In 1675, Johann Fatio in Basel, Switzerland, reported an early treatment of vesico-vaginal fistulas. Fatio used a sharp swan quill to cut and fit the edges of the fistula together. After that, doctors did not discover a reliable and effective surgical cure until the nineteenth century. In the early nineteenth century, many considered vesico-vaginal fistulas a shameful condition that women did not talk about, a stigma that many argue continues today. Consequently, the rate of vesico-vaginal fistula occurrence has never been properly accounted for and remains unclear in some areas of the world. In some developing countries in South Asia and Africa, 350 of 100,000 births reported in 1985 resulted in obstetric fistulas, and most of them were vesico-vaginal fistulas. That incidence is markedly higher than in developed countries where vesico-vaginal fistulas due to labor happen rarely. Instead, causes of many vesico-vaginal fistulas in developed countries are post-surgical complications.

In the early 1800s, lack of access to trained physicians coupled with the young age of birthing women, whose pelvises were small and not fully developed, often resulted in complications during labor and in vesico-vaginal fistulas. Sims, who owned a medical practice in Montogmery, Alabama, encountered in the summer of 1845 a number of occasions to treat vesico-vaginal fistulas, especially among slave women. Sims then held, as did many doctors, that vesico-vaginal fistulas were not curable or even treatable, and he was reluctant to tend to any of these cases.

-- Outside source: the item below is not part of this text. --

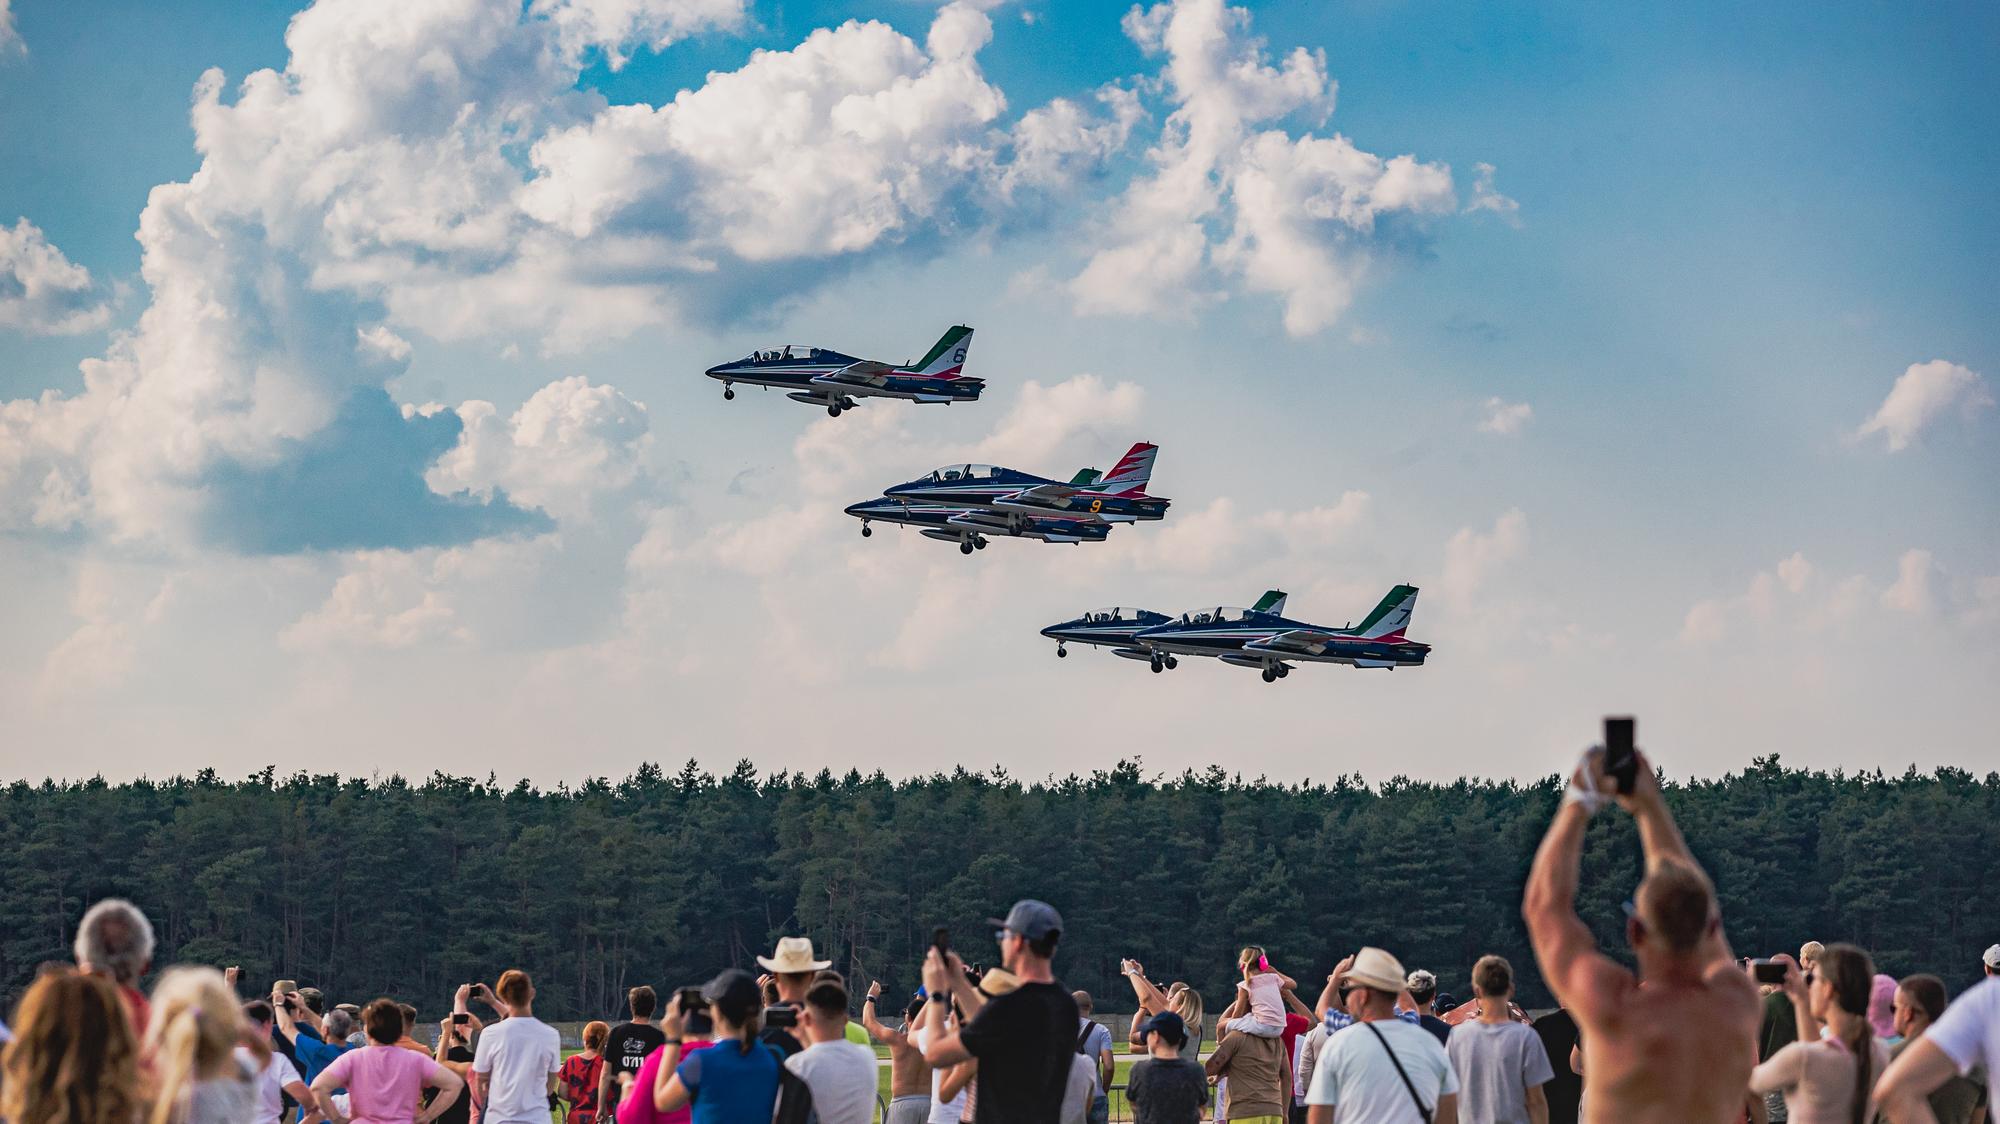 Non seulement le ciel de Piešťany brillera: la joie et le plaisir seront transportés tout au long du Festival de l’Aviation

After meeting with a female patient who fell from her horse and suffered from a tilted uterus in August 1845, Sims developed a new method for vaginal examination. During the mid-nineteenth century, women who needed vaginal examinations lay on their backs with their knees bent and thighs apart. Many called this position the lithotomy position. Sims's patient was of considerable size, however, and this position for examination proved unhelpful. Sims asked the patient to lie laterally, extend her bottom leg and pull her upper knee towards her chest. This position, later called the Sims position, creates suction within the pelvis that allows the vaginal cavity to fill with air and to fully extend. Sims applied this position to women with vesico-vaginal fistulas, which allowed him to better survey the damaged vaginal wall by fully expanding the vaginal cavities.

With the vaginal wall fully extended instead of folded, Sims used a bent spoon to dilate the vagina, allowing him to better see damaged areas. The bent spoon became a permanent tool in vaginal examinations and many have since called it the Sims speculum. The speculum has changed from its first rudimentary form and now has a cylindrical, hollow barrel created by two rounded metal blades. After insertion into the vagina, one can screw the blades apart to create a canal by pressing the walls of the vagina away from one another.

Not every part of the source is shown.